Since $pqrs=1$, we get by multiplying with $pqrs$:
$$\dfrac{1}{p}+\dfrac{1}{q}+\dfrac{1}{r}+\dfrac{1}{s} = Σpqr = 661 \qquad \blacksquare$$

#### jacks

##### Well-known member
$\displaystyle \frac{1}{p}+\frac{1}{q}+\frac{1}{r}+\frac{1}{s} = \frac{pqrs}{p}+\frac{pqrs}{q}+\frac{rspq}{r}+\frac{pqrs}{s}$ (using $pqrs = 1$)

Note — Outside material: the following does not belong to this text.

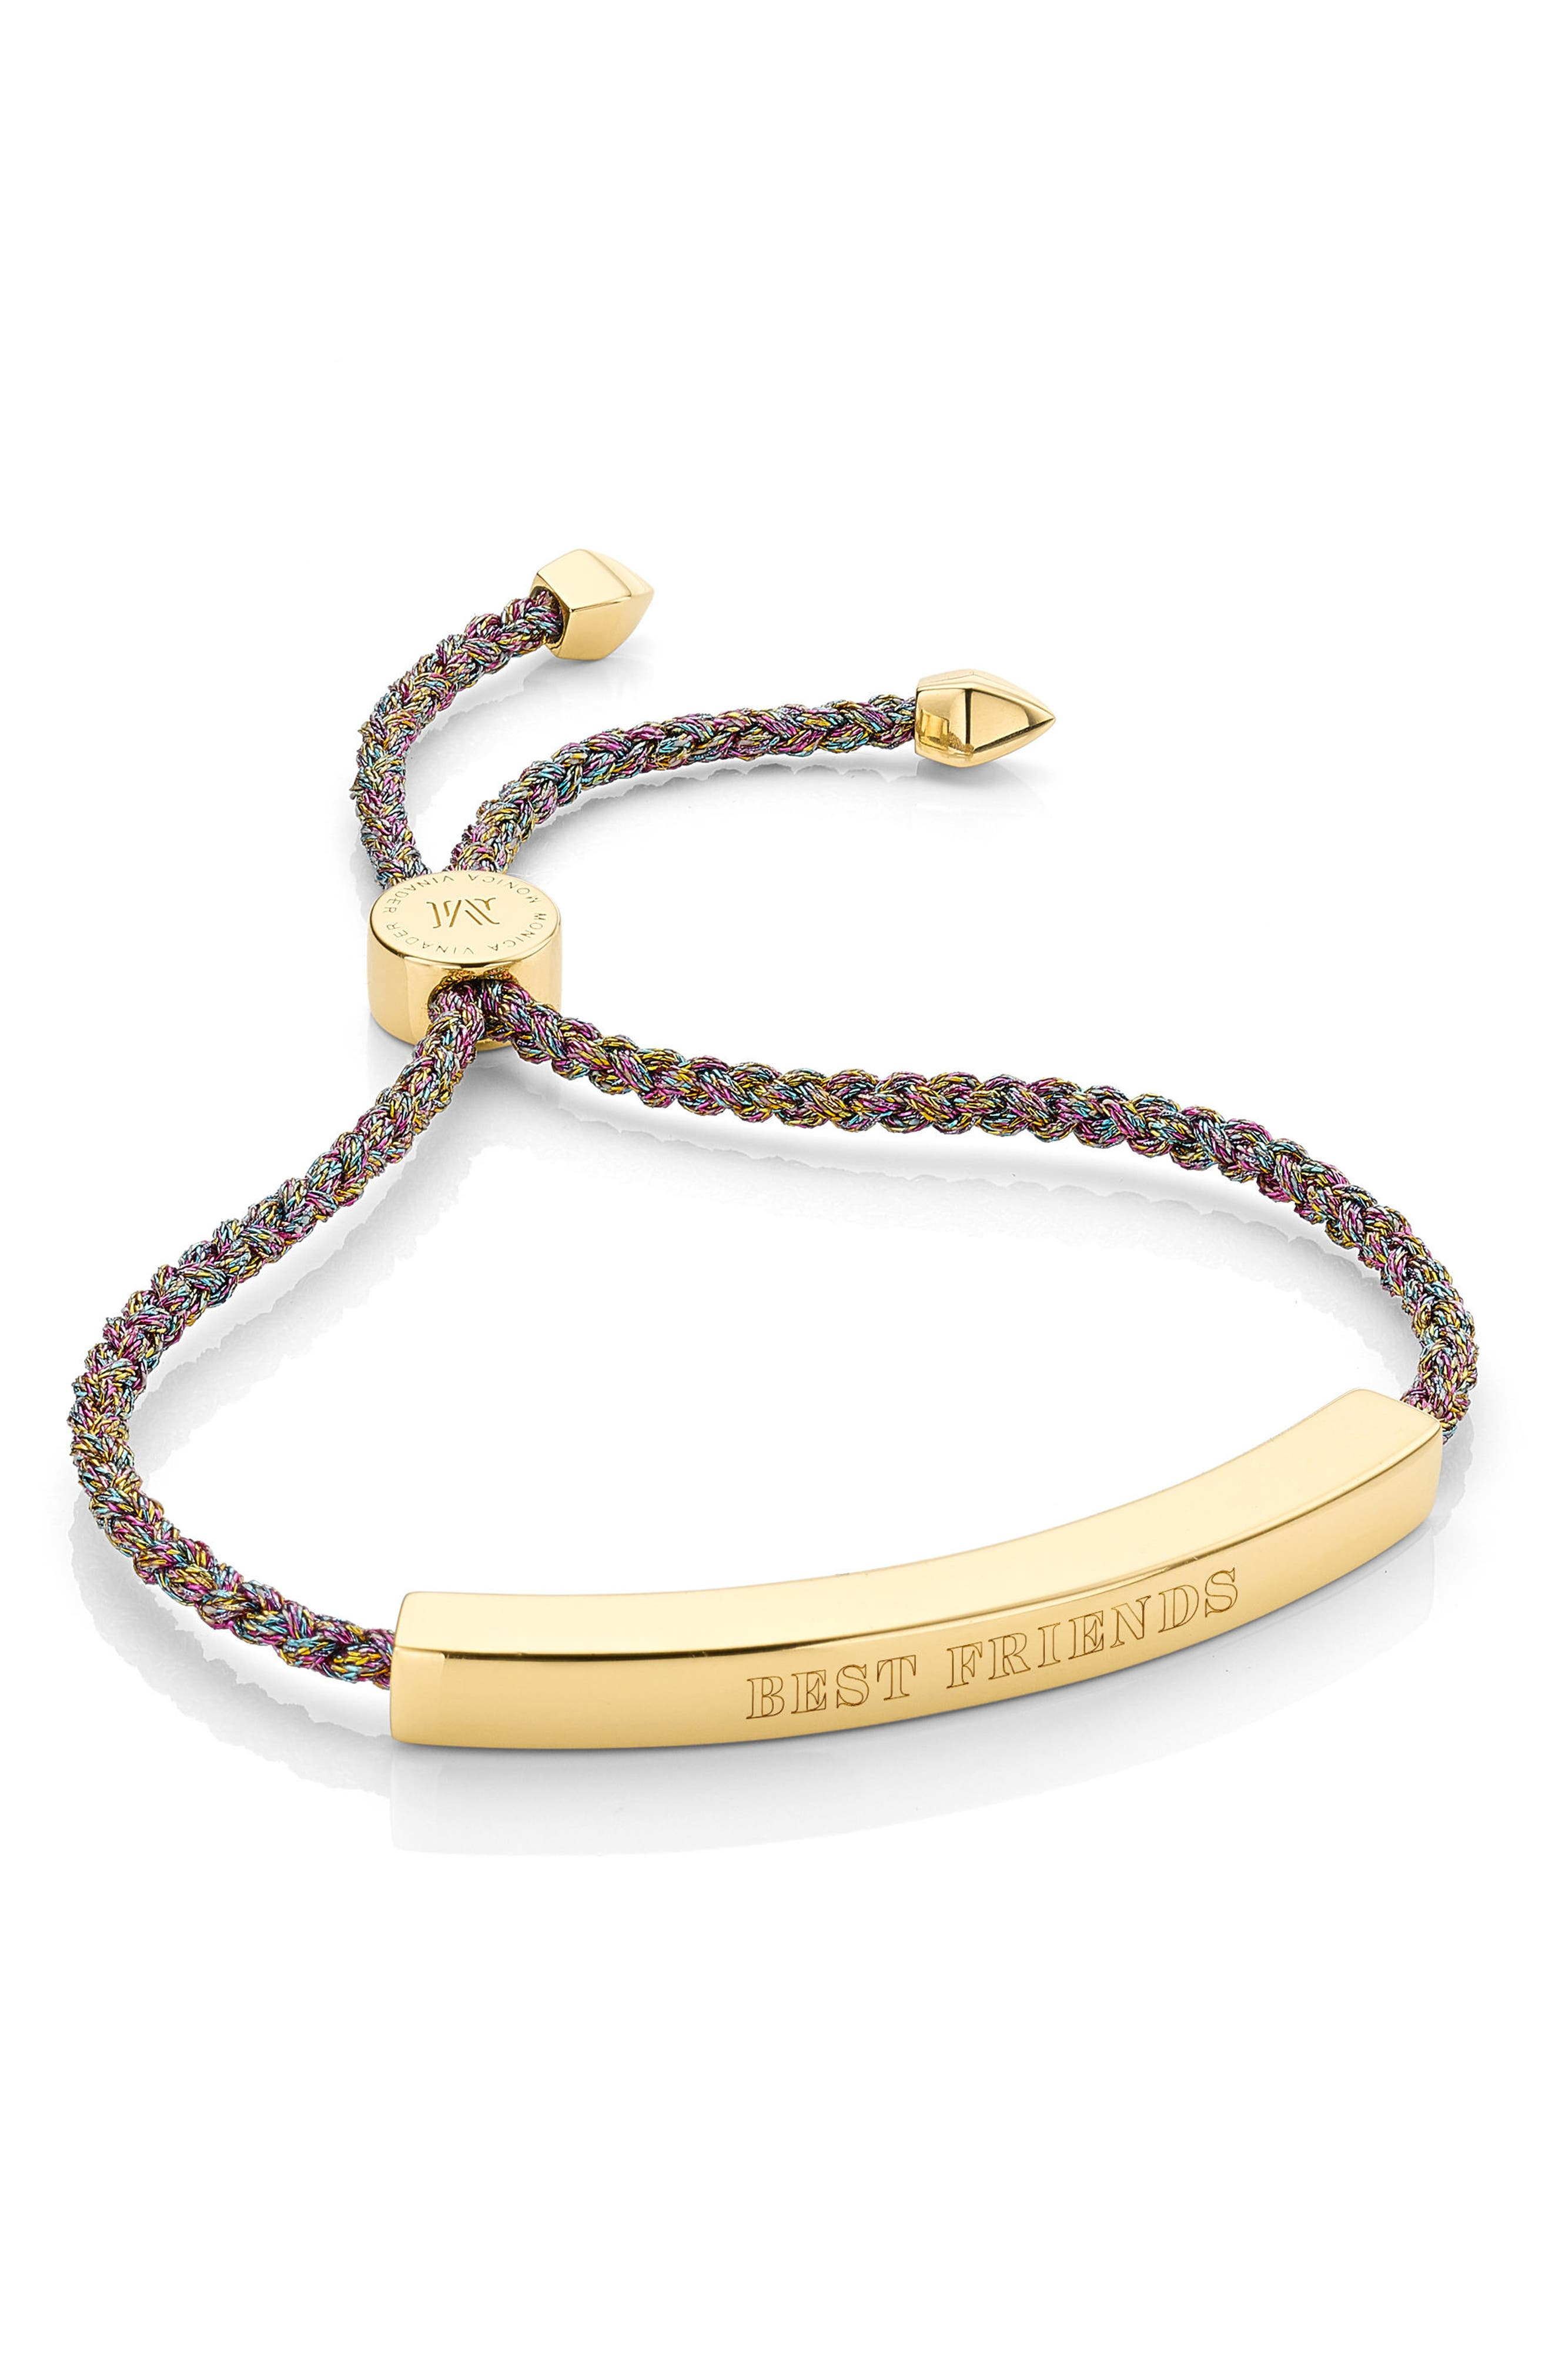 Engravable Large Linear Friendship Bracelet,                             Alternate thumbnail 3, color,                             RAINBOW METALLIC/ YELLOW GOLD

So $\displaystyle \frac{1}{p}+\frac{1}{q}+\frac{1}{r}+\frac{1}{s} = \left(pqr+qrs+rsp+spq\right)$

Given $p+q+r+s = 0\Rightarrow (p+q)^3 = -(r+s)^3\Rightarrow p^3+q^3+3pq(p+q) = r^3+s^3+3rs(r+s)$

again using $p+q=-(r+s)$ and $(r+s) = -(p+q)$

So we get $p^3+q^3+r^3+s^3 = 3\left(pqr+qrs+rsp+spq\right)$

Given $1983 = 3\left(pqr+qrs+rsp+spq\right)$

So $\displaystyle \frac{1}{p}+\frac{1}{q}+\frac{1}{r}+\frac{1}{s} = \left(pqr+qrs+rsp+spq\right) = \frac{1983}{3} = 661$

#### anemone

##### MHB POTW Director
Staff member
Thanks to mente oscura, MarkFL, I like Serena and jacks for participating and it feels so great to receive so many replies to my challenge problem and my way of attacking it is exactly the same as jacks's solution.